YOLOv5 [11], which was released in 2020, is a regression-based target identification algorithm that comes in four versions: YOLOv5s, YOLOv5m, YOLOv51, and YOLOv5x. The network with the least depth and feature map width is YOLOv5s. This paper selects YOLOv5s with the minimum network depth and width for training to minimize processing costs and memory and make the network more lightweight, the exact structure is given in Fig. 1 below.


Figure 1: The structure of the YOLOv5 network

The input part of the YOLOv5 network is used for data preprocessing, the backbone section is used for feature extraction, the neck part is used for feature fusion, and the output part is used for object detection. CSPDarknet53 serves as the backbone network, and feature maps of various sizes are retrieved via repeated convolutions and merging. The trunk network generates four-layer feature maps, as shown in Fig. 1. When the input image is 640 × 640 pixels, the resulting feature maps are 160 × 160 pixels, 80 × 80 pixels, 40 × 40 pixels, and 20 × 20 pixels. The neck network uses the feature pyramid network (FPN) and path aggregation network (PAN). The FPN structure transmits semantic features from the top feature map to the bottom feature map, while the PAN structure transmits positioning features from the bottom feature map to the top feature map. Three feature fusion layers then fuse these different levels of feature maps. It can obtain more contextual information and generate three feature maps of various sizes. The output part recognizes and categorizes these feature maps of various sizes, which are 80 × 80 × 255, 40 × 40 × 255, and 20 × 20 × 255, where 255 denotes the number of channels, 80 × 80 × 255 features for identifying tiny things, and 20 × 20 × 255 features for detecting large objects, respectively.

We go over the basic module functionalities of yolov5 in depth to help you better grasp its architecture. The structure of each functional module is shown in Fig. 2 below. The convolution layer, batch normalization layer, and LeakyRelu activation functions (CBL) as shown in Fig. 2a.
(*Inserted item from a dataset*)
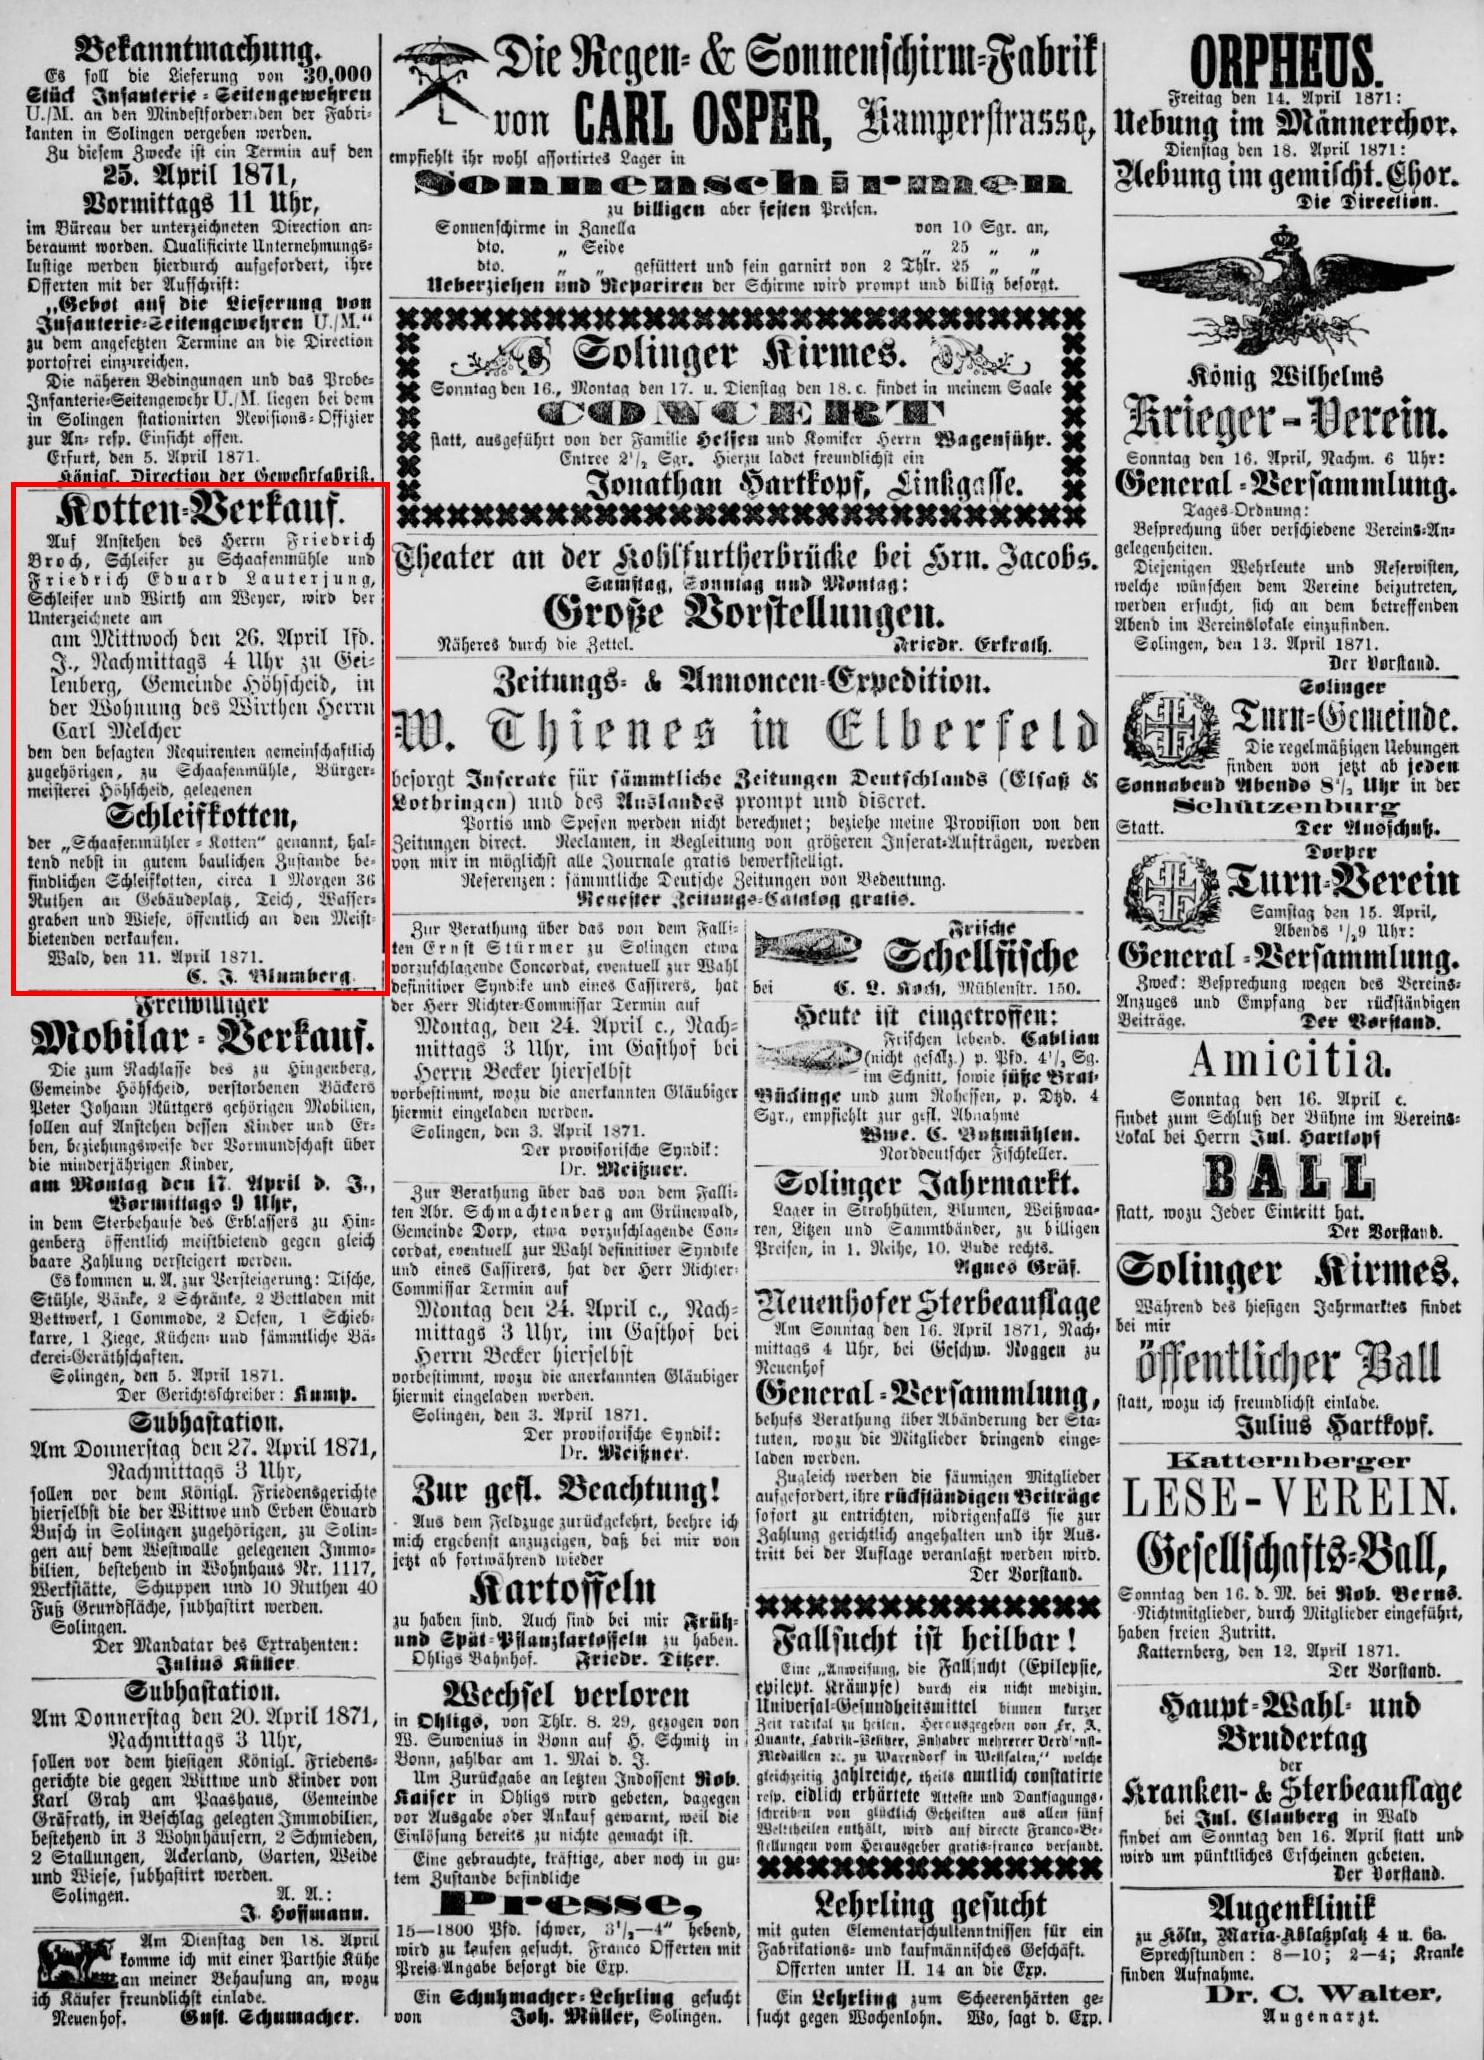 Anzeige_1871-04-14_Solinger-Kreis-Intelligenzblatt_Seite-4-oben

CBL is the smallest component of the YOLO network. The Focus module as shown in Fig. 2b, aids the backbone network in extracting features through slicing and connecting activities. The spatial pyramid pooling (SPP) module shown in Fig. 2c, performs feature fusion by maximizing pooling kernels of different sizes. Cross stage partial (CSP) structure are separated into two categories, as shown in Fig. 2d, with CSP1_X for the backbone network and CSP2_X for the neck network. CSP1_X is made up of X residual units, while CSP2_X is made up of CBL modules. Through cross-layer connection, the CSP structure decreases model complexity and speeds up reasoning speed.


Figure 2: Structure of each functional module of yolov5: (a) CBL; (b) Focus; (c) SPP; (d) CSP

2.3 Triplet Attention

Triplet attention [38] module to make full use of small target features. Through rotation operations and residual modifications, triplet attention builds the relationship between dimensions, which can improve the spatial and channel information qualities. Fig. 3 depicts the network structure.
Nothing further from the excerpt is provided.